Colgate-Palmolive Co.’s (NYSE: CL) Big Move is Coming

Colgate-Palmolive Co. (NYSE: CL), famous for offering a long list of well-known consumer products, has been stuck on the “spin cycle” since June. Share prices are back where they were three months ago despite surging and dropping several times now.

Net sales and net profit have remained relatively flat over the last twelve quarters, and the next earnings report is expected to be the same.

Over the last four years, CL has remained in stock “purgatory”, whipsawing up and down but always hovering around $70 per share.

It’s been a frustrating run for the company, which has rewarded investors handsomely since it opened for trading at $1.35 in 1984.

The only other periods of difficulty for CL occurred during transformative economic events. The first being the Dot Com bubble, the second, the financial crisis of 2008.

For that reason, shareholders are beginning to worry that CL’s recent struggles could be a warning sign of a recession.

And as convenient as that would be – to simply follow CL’s performance as a recession gauge – it’s sadly a whole lot more complicated than that. There are certainly significant economic hazards out there, but CL’s inability to sustain growth isn’t one of them.

After all, consumer confidence is still riding high according to the latest data from both pollsters and corporations.

Shoppers aren’t lining up to buy Colgate-Palmolive products, though, causing share prices to fluctuate. That might be frustrating to long-term CL holders, but for traders like us, it presents a fantastic opportunity to capture some quick gains.

In the daily candlestick chart above, you can see that after selling off rapidly, CL shares are on the rise once again. The price action bounced CL off the lower Bollinger Band (BB), setting a higher low relative to the low from August in the process.

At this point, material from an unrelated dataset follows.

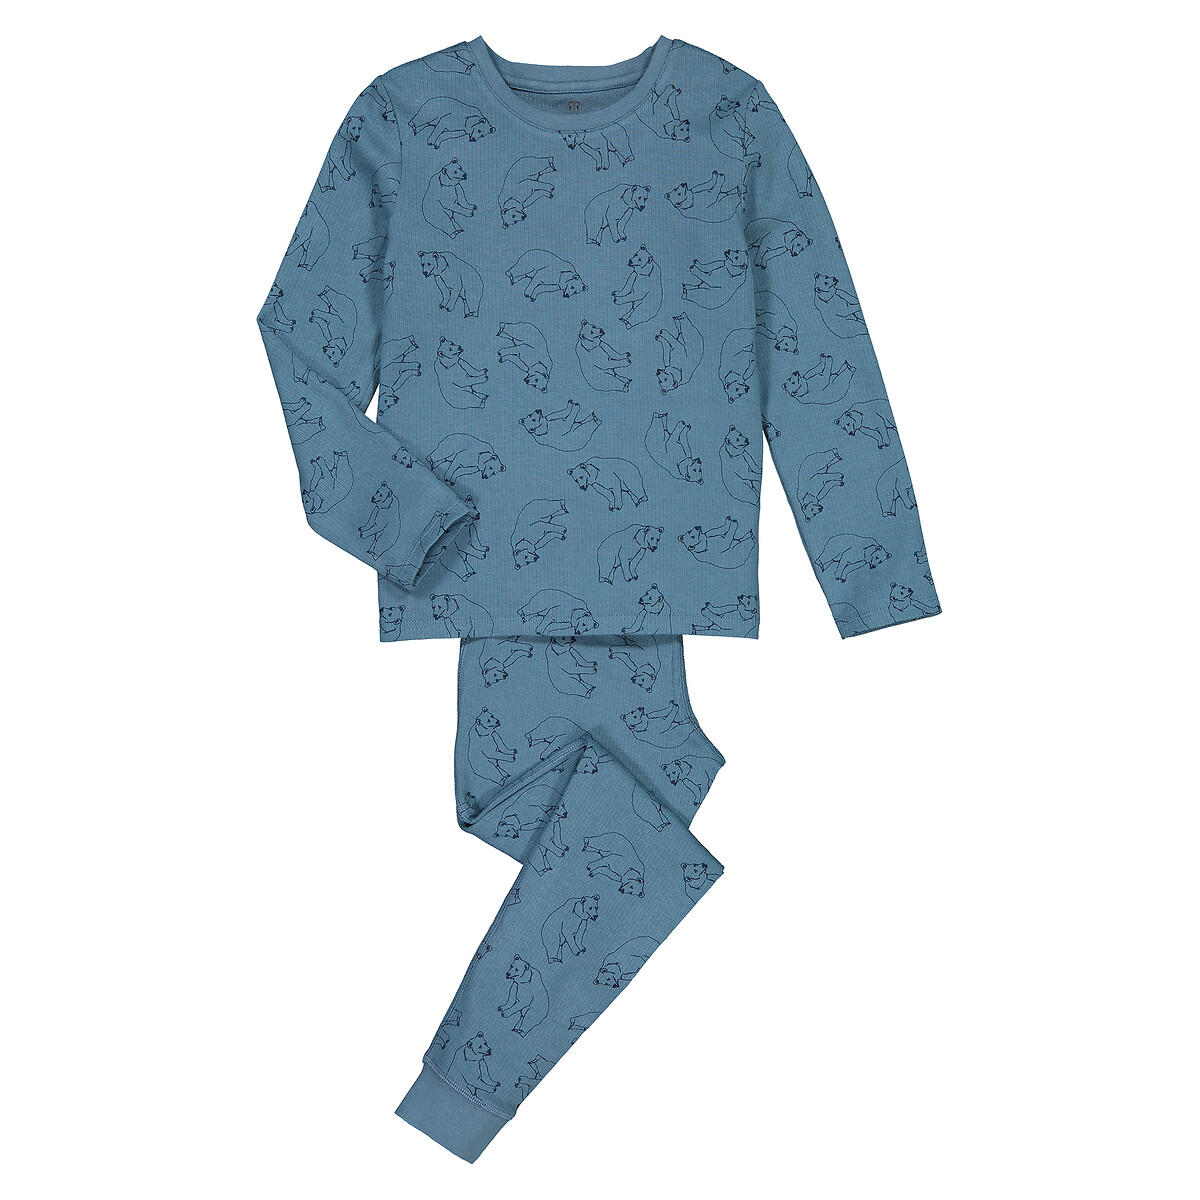 Пижама LaRedoute В рубчик с принтом 3-12 лет 12 лет -150 см синий, размер 12

More importantly, though, the current daily candlestick is trading above the last three. Ideally, I’d like to see four, however recent BB contact coupled with a low stochastics reading is enough evidence to pursue a long trade here.

But only if CL keeps rising. In this case, I want to see it take out the daily high by enough to warrant a trade (at $71.47). If it doesn’t do that, I wouldn’t at all be surprised to see another CL sell-off back to the lower BB.

And much like our last few stocks we’ve examined, because CL is caught in a tight trading “corridor”, we’ll likely see it bounce off key resistance at around $75.50 should it rise above our trigger point.

From there, it’s a strong possibility that CL would rebound off the upper BB before presenting us with a great setup to go short.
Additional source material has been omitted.